Anthropic Settlement Resets Balance of Power for Content Creators

Oct. 29, 2025, 8:30 AM UTC

Anthropic’s $1.5 billion settlement agreement with a class of authors whose books were allegedly pirated for AI training—and its eventual approval—mark a turning point in how companies must approach data acquisition for developing artificial intelligence.  

District Court Judge William Alsup’s Sept. 23 ruling validated AI training as transformative fair use while drawing a sharp distinction between legitimate data acquisition and data downloaded from “pirate” sites and “shadow libraries,” which could fundamentally alter the negotiating landscape for AI training data.

While the precedent is limited, and new cases may offer different perspectives, Bartz v. Anthropic, provides both a warning and a roadmap for corporate counsel and AI developers. 

New Leverage

The Anthropic case provides content owners with leverage they previously lacked. TheNorthern District of California’s framework creates new liabilities related to acquiring data that can arise even when the AI training itself qualifies as fair use.
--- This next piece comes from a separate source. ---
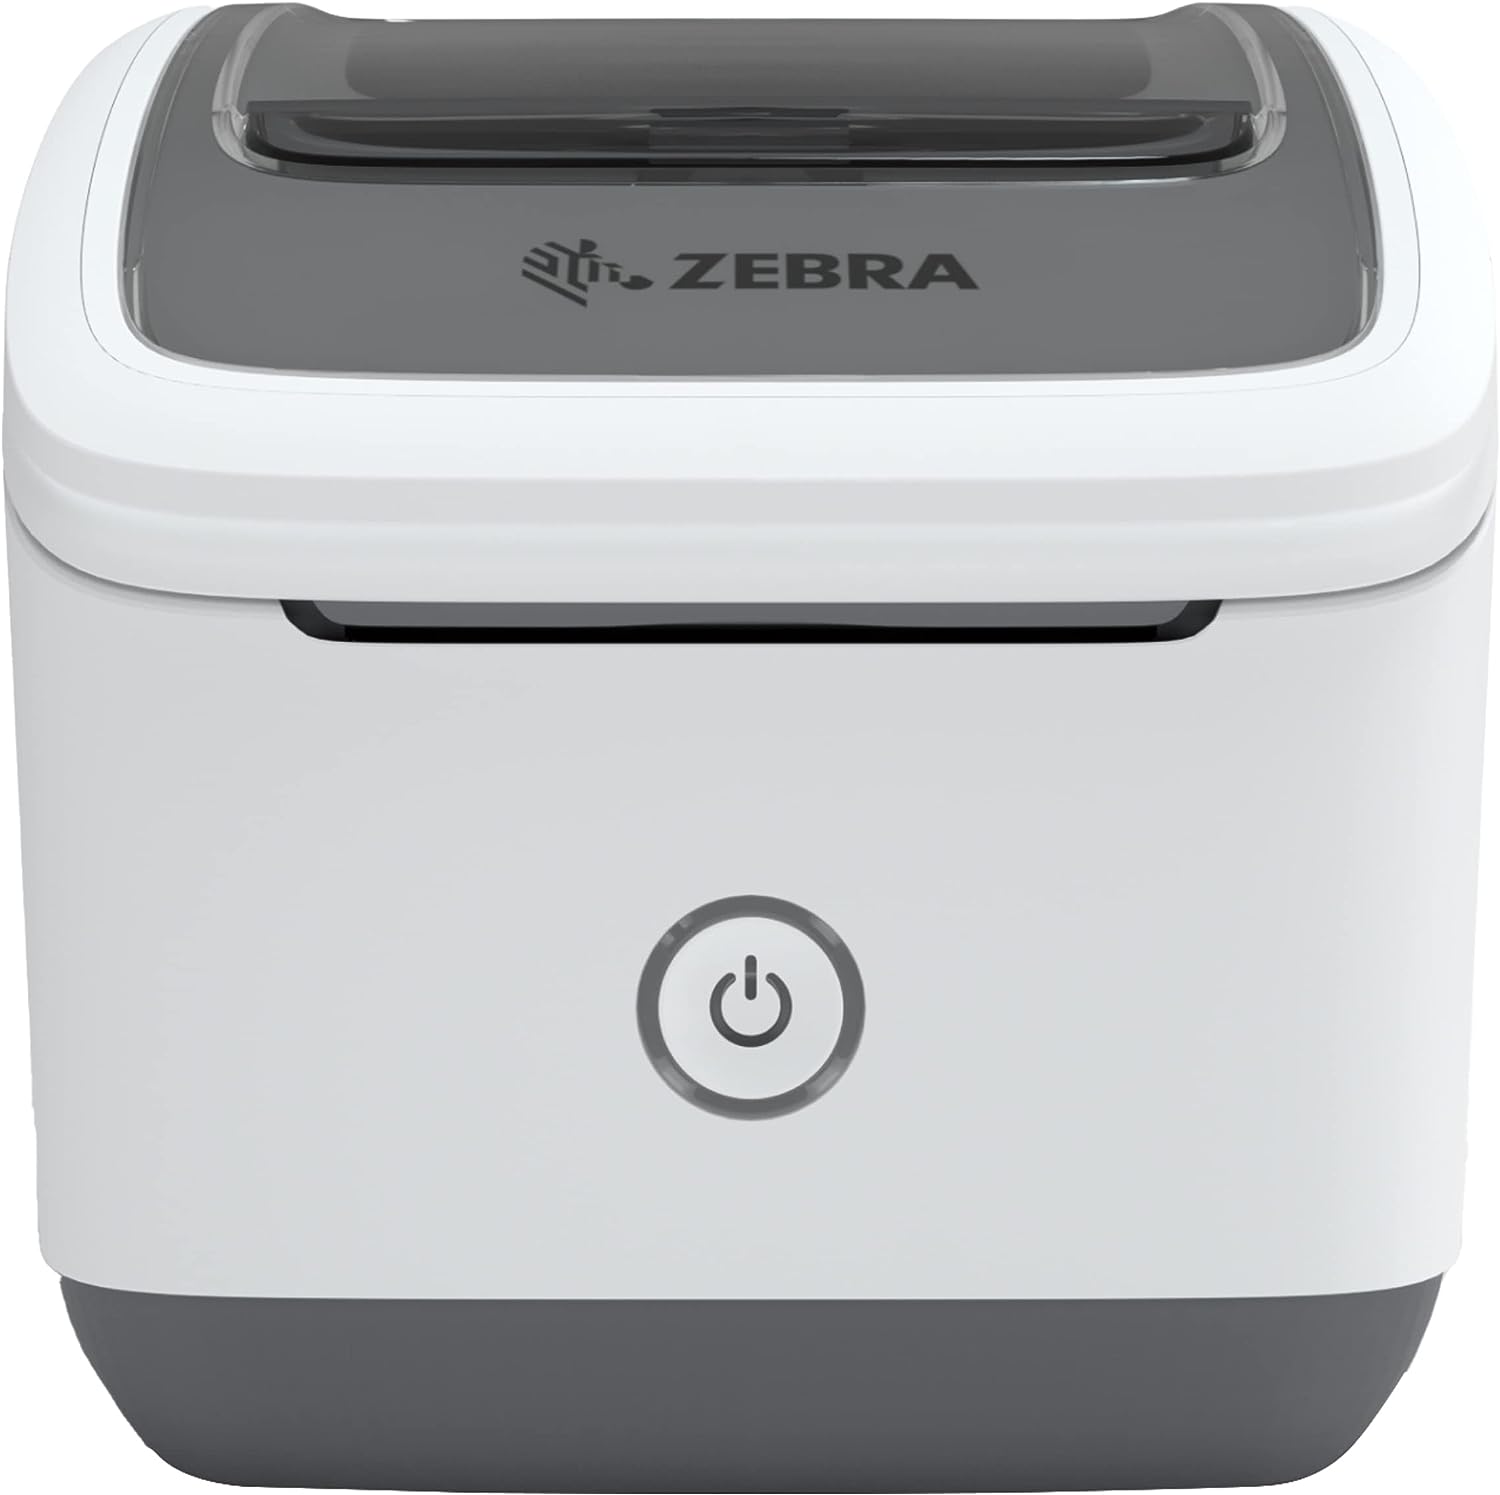 ZEBRA ZSB Series Thermal Label Printer - Small Home [...]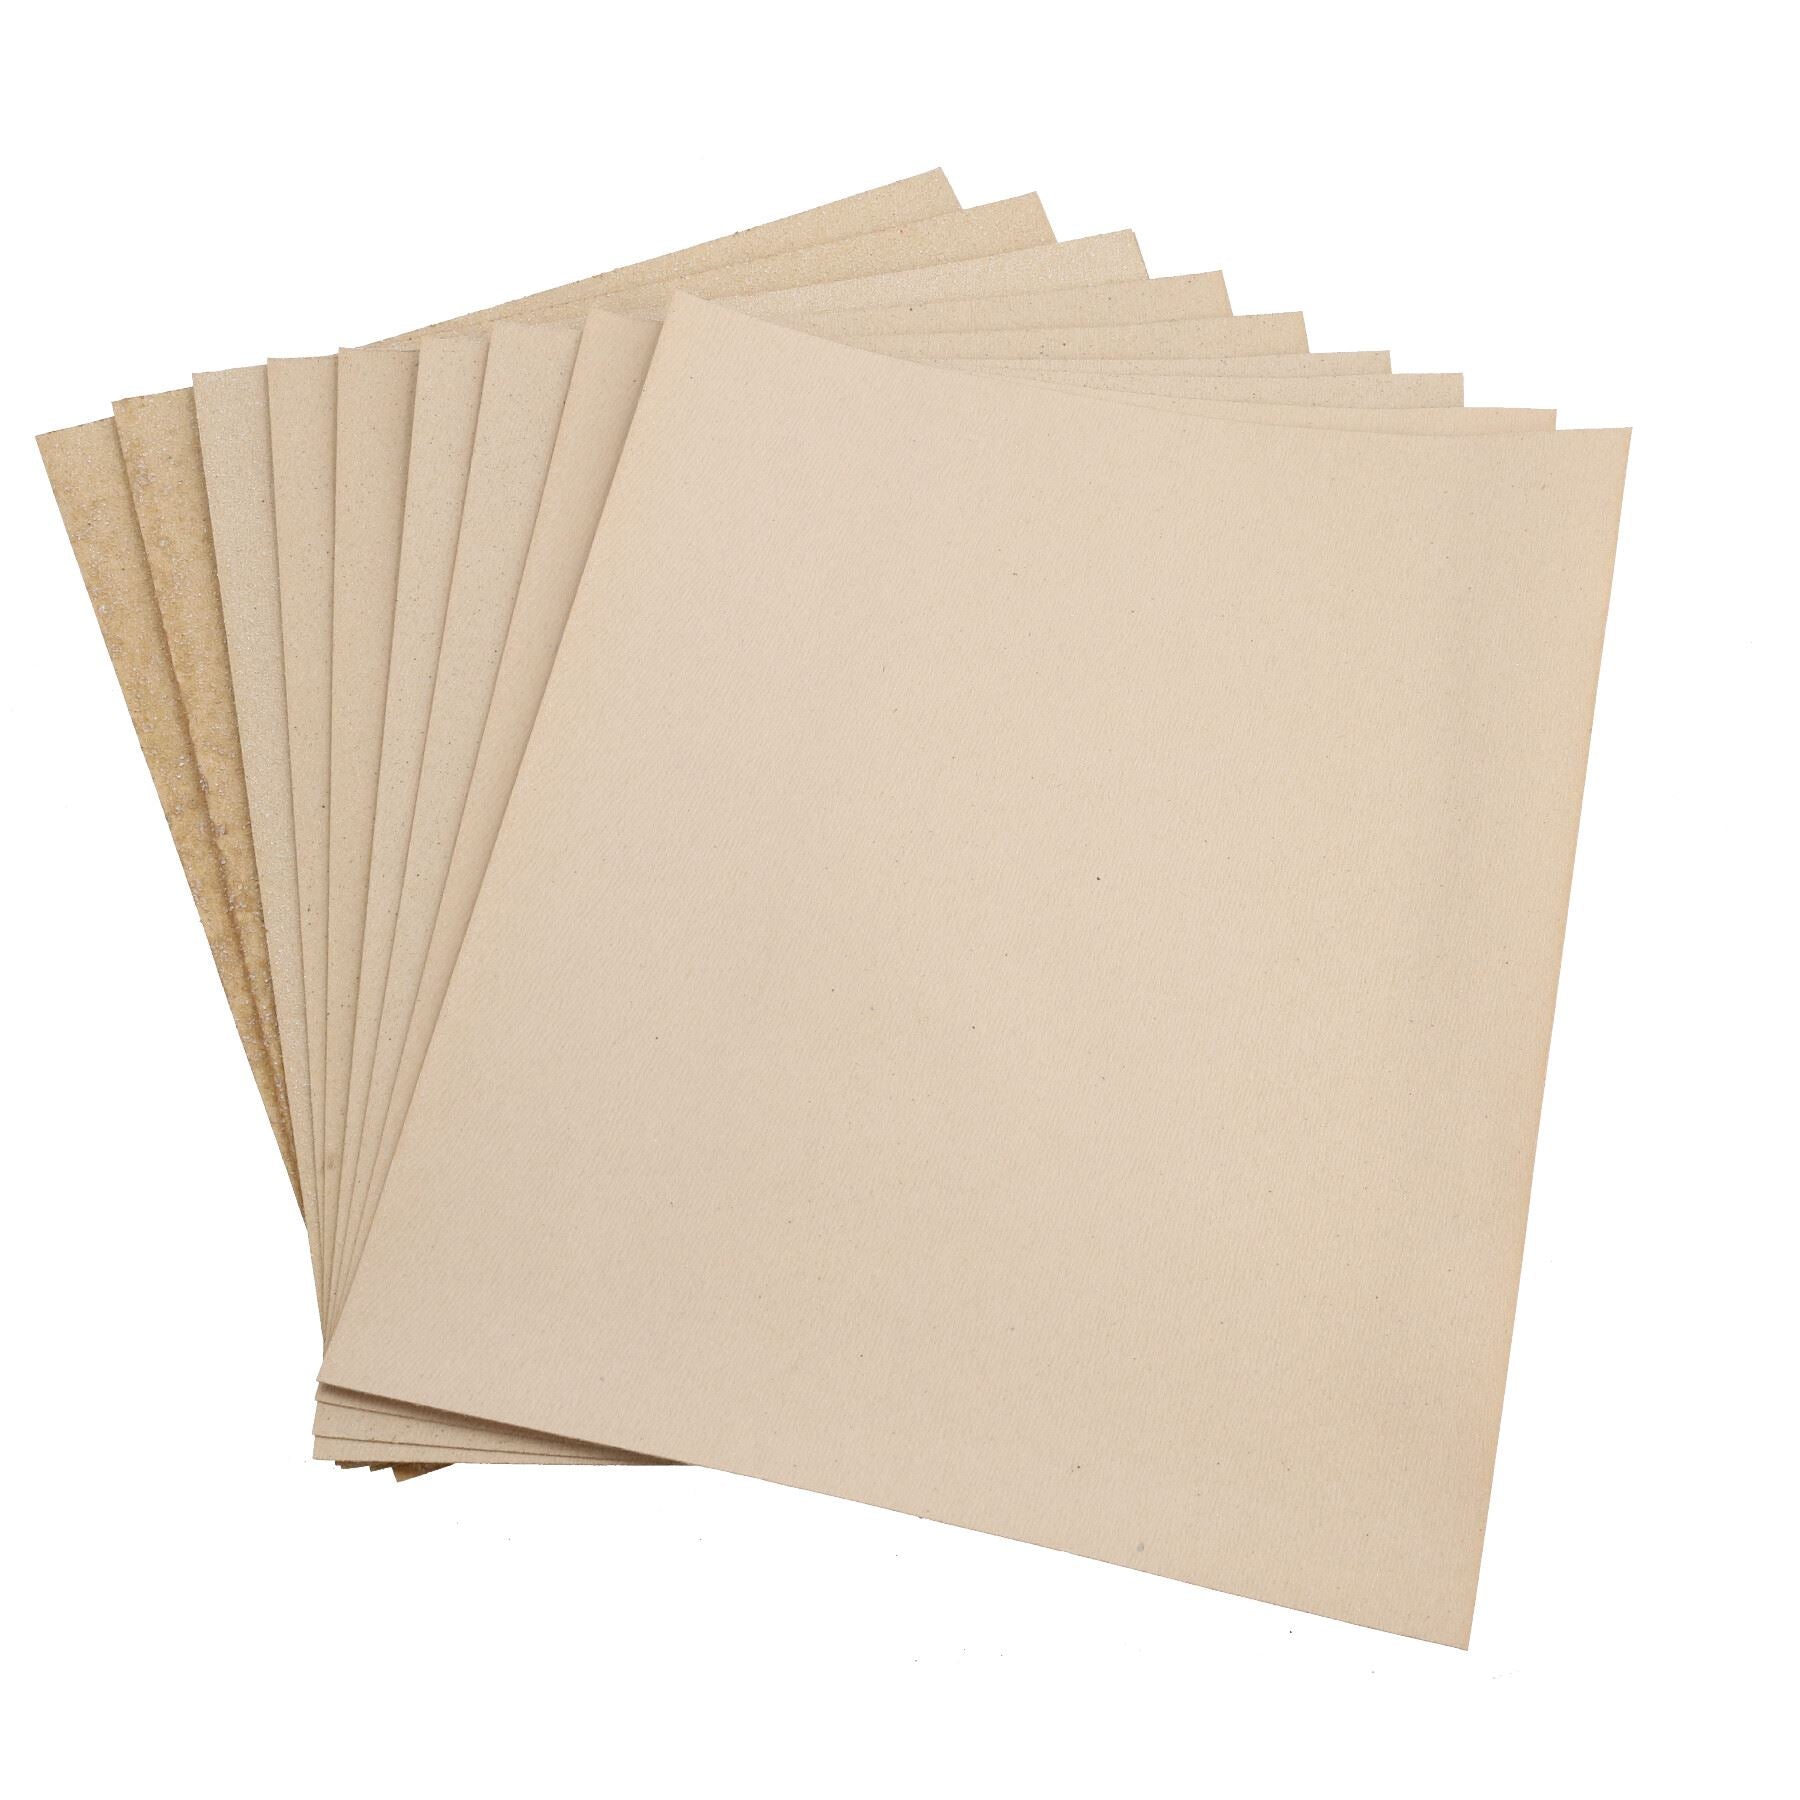 Assorted Grit Sandpaper Sheets 40 grit to 150 Mixed Grit Abrasive Sanding

If pirate sites or other illegitimate channels obtain training data, companies can face massive statutory damages. With penalties reaching $150,000 per willfully infringed work, a training dataset that potentially contains millions of pirated works could create a liability dwarfing most companies’ market cap.

Anthropic’s decision to settle, despite prevailing on the fair use question, demonstrates how concerns about acquisition methods can outweigh favorable legal precedent. 

This distinction between acquisition and use gives publishers a powerful negotiating position. Publishers can approach AI companies with a straightforward proposition: Acquire rights to content legitimately or face legal actions and the risk that discovery reveals pirated materials in their training data.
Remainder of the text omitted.